SSCD is a rare disorder in which there is a gap in the bone covering the three semicircular canals. This leaves the semicircular canals, which are responsible for balance, exposed to the surrounding tissue. Additionally, while the inner ear normally contains two “windows” (the round window and the oval window) that allow sound to disperse, the dehiscence introduces a third opening where sound may travel out of the inner ear.

Symptoms of SSCD include dizziness induced by pressure change or sound, fullness in the ear, hearing loss, and/or the ability to hear internal noises (I.e., one’s own heartbeat, blinking, or breathing) loudly.
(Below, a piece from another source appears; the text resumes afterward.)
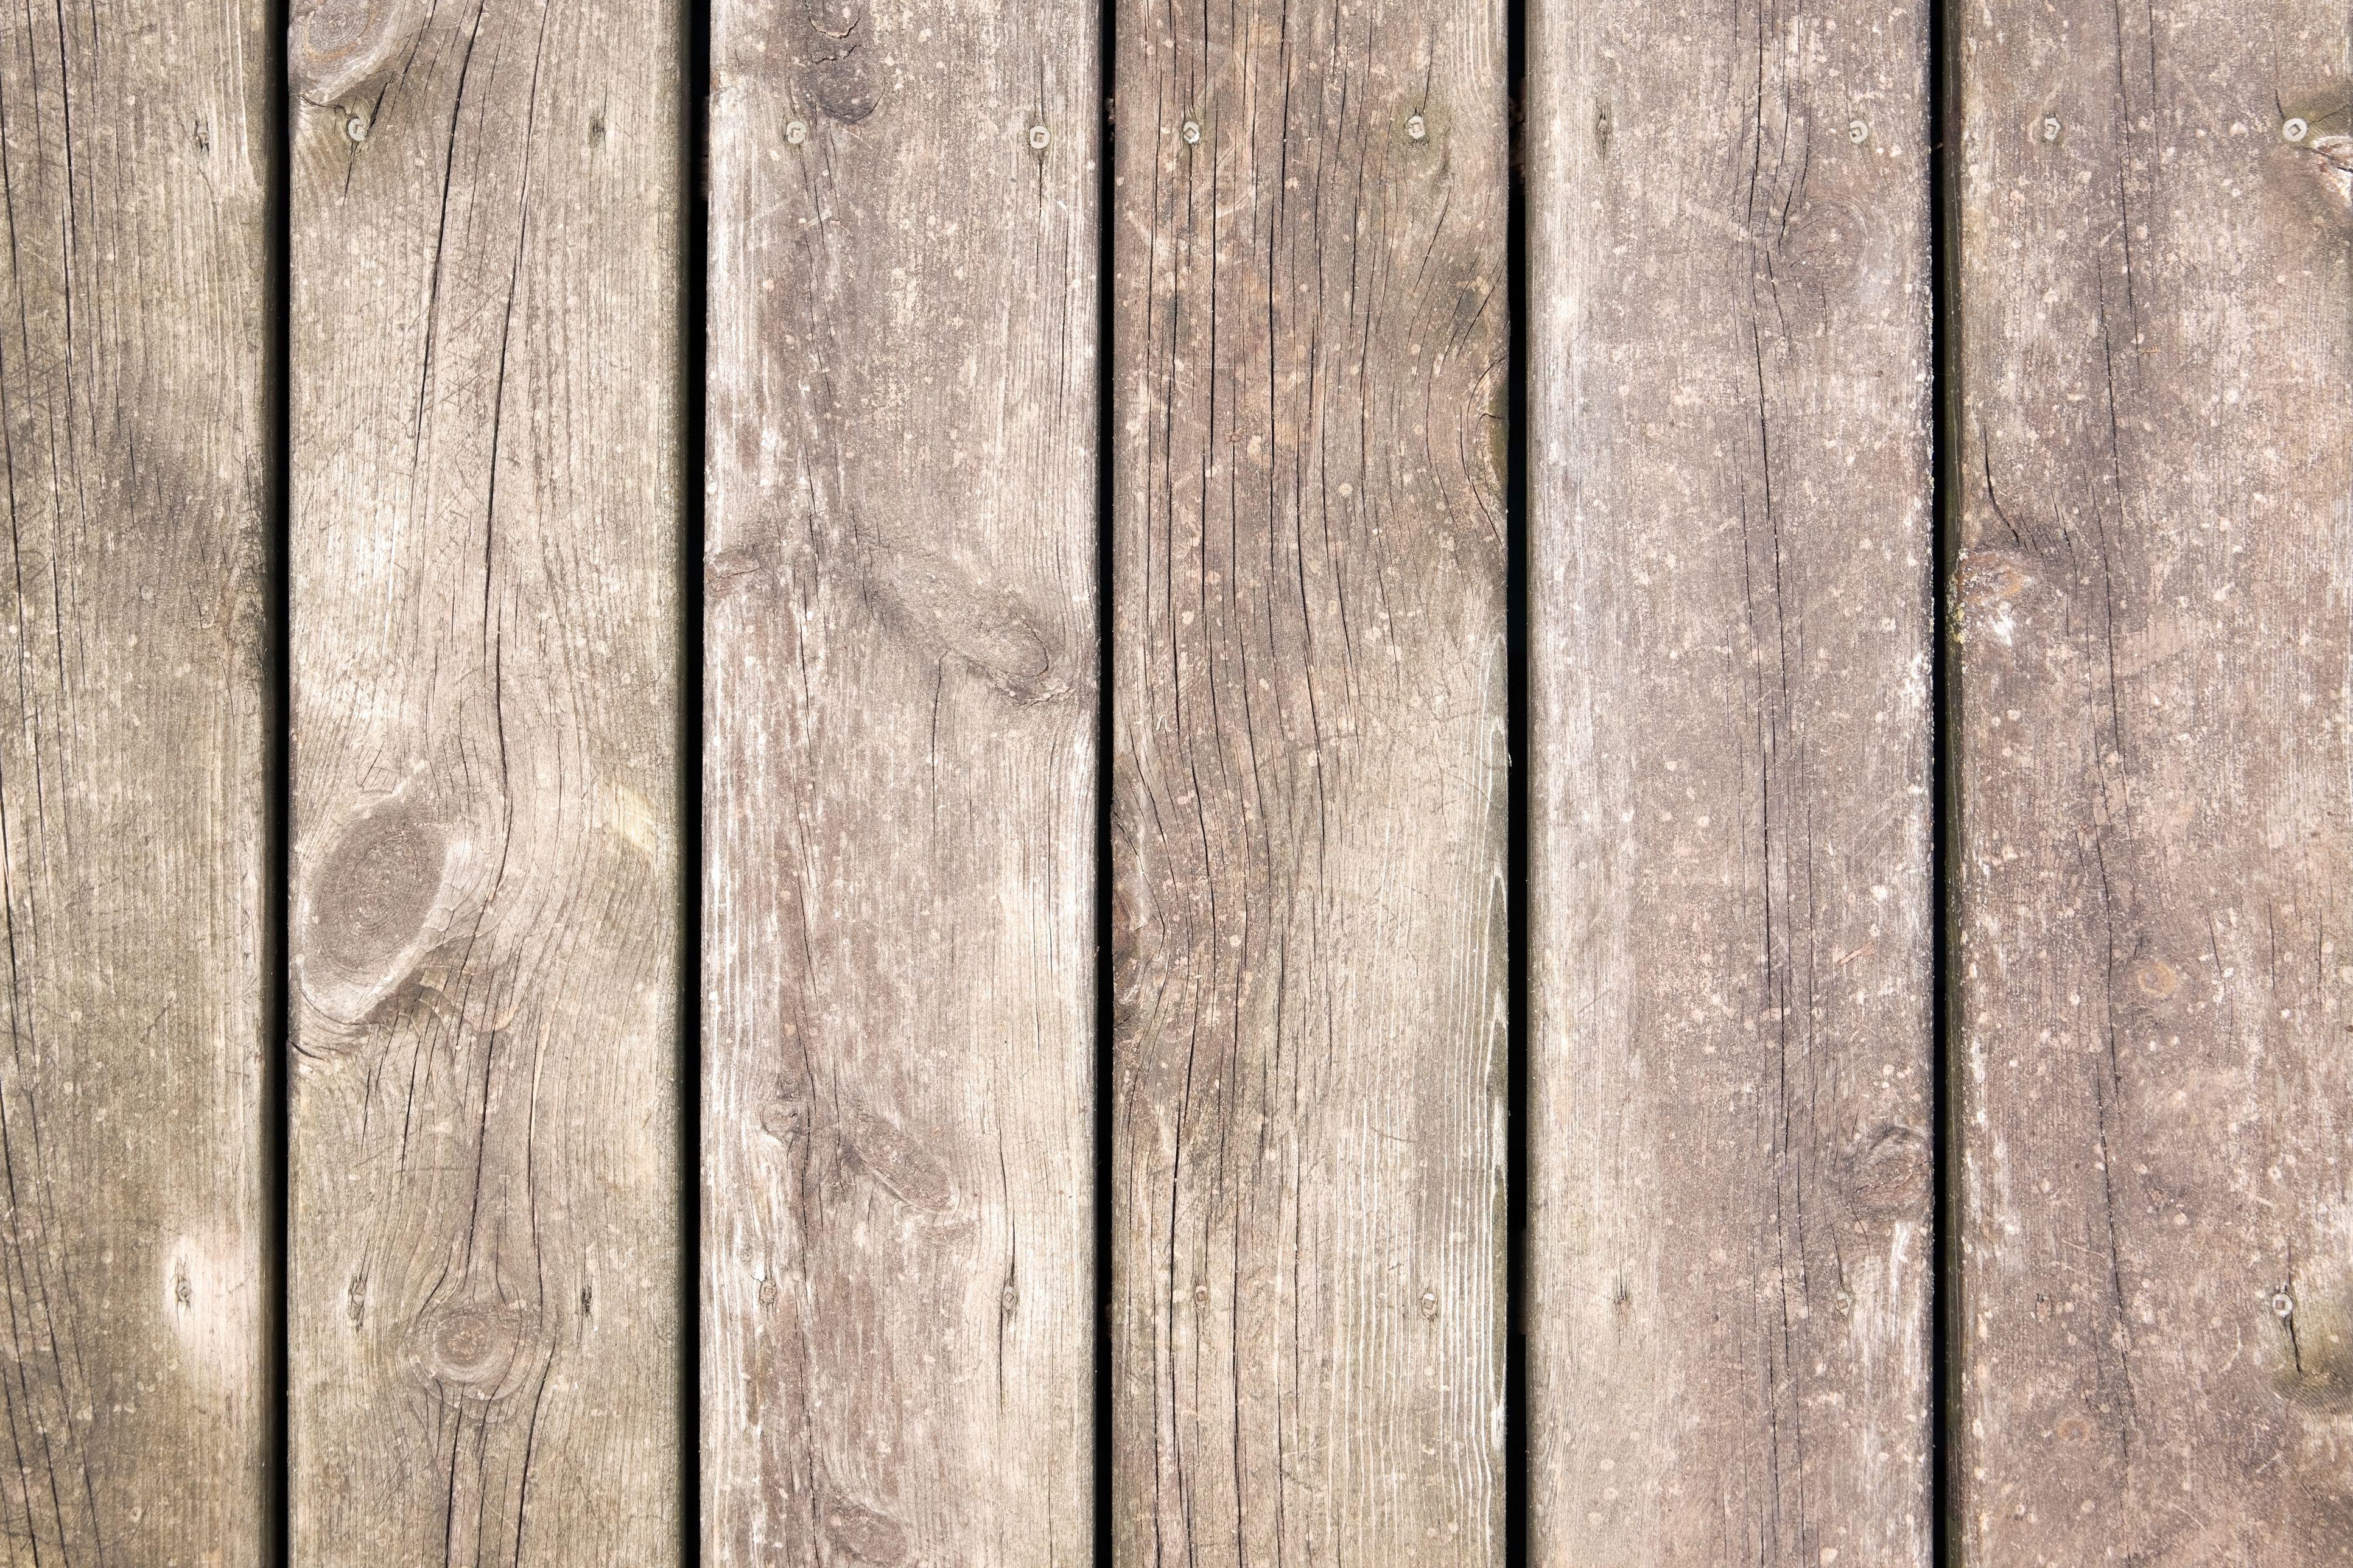 orbital sander for hardwood floors of refinishing a wood deck an overview regarding weathered deck board background 171342280 5810fdcd3df78c2c7315c473
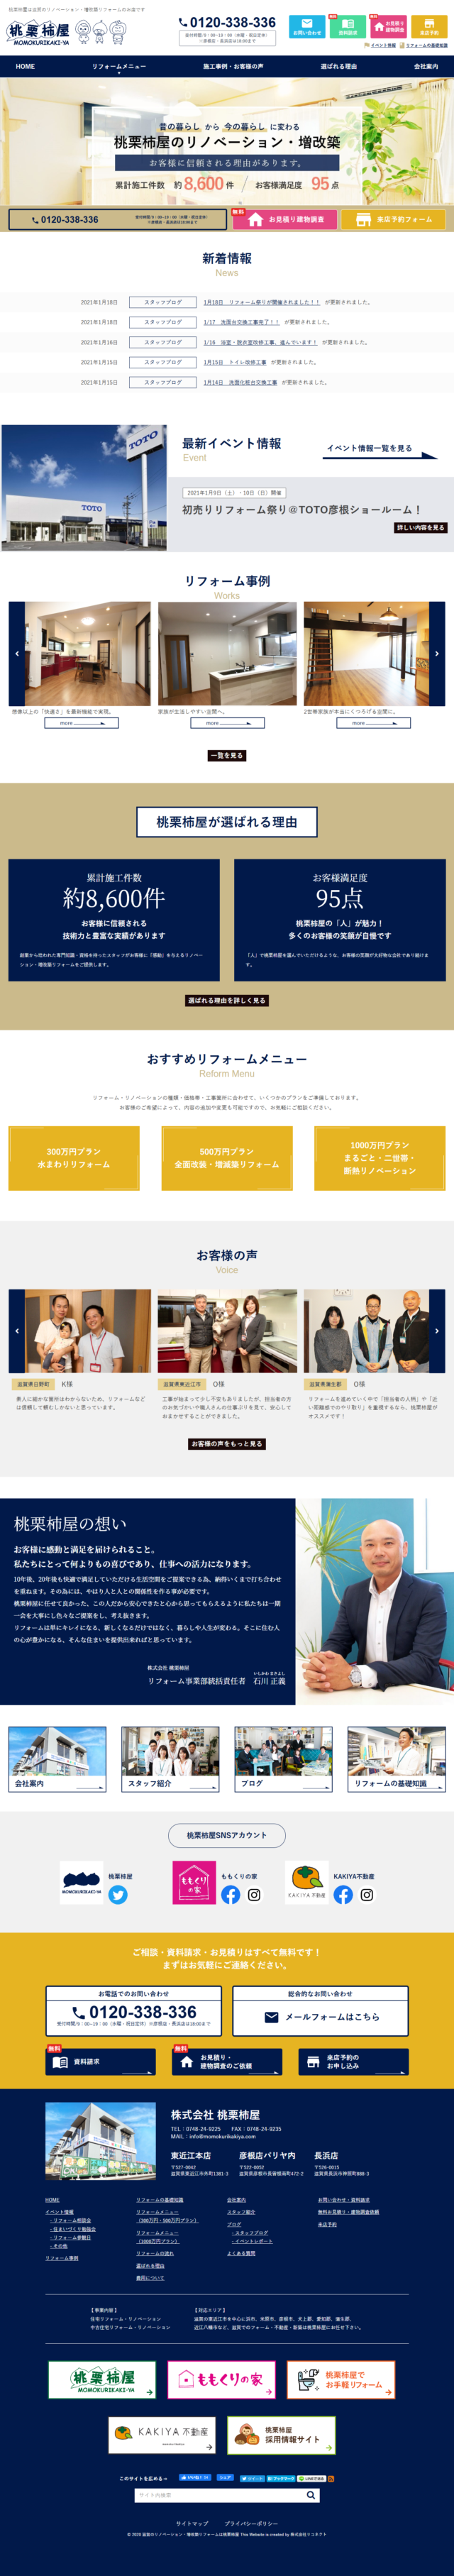 滋賀県東近江市 住宅リフォーム会社の株式会社 桃栗柿屋 様

Over the first three years of life, the temporal bone thickens significantly to cover the semicircular canals. SSCD can develop if gaps remain in the bone during this thickening period. Alternatively, SSCD may develop due to thinning of the bone over time, although this occurs far less frequently. In most cases, the gaps do not cause any detectable symptoms. However, rarely, symptoms can present in adulthood if the pressure within the skull pushes part of the brain through the hole in the temporal bone. In most SSCD cases, the onset of symptoms comes after a trauma to the head or a significant change in pressure, such as scuba diving.

SSCD can be treated with surgery either through the skull or through the mastoid bone to plug and cover the dehiscence. Alternatively, surgery can be done to plug the round window, a naturally occurring opening in the inner ear, to reestablish a two-window system including the dehiscence. While this procedure poses less risk, it also has a lower rate of successful symptom reduction.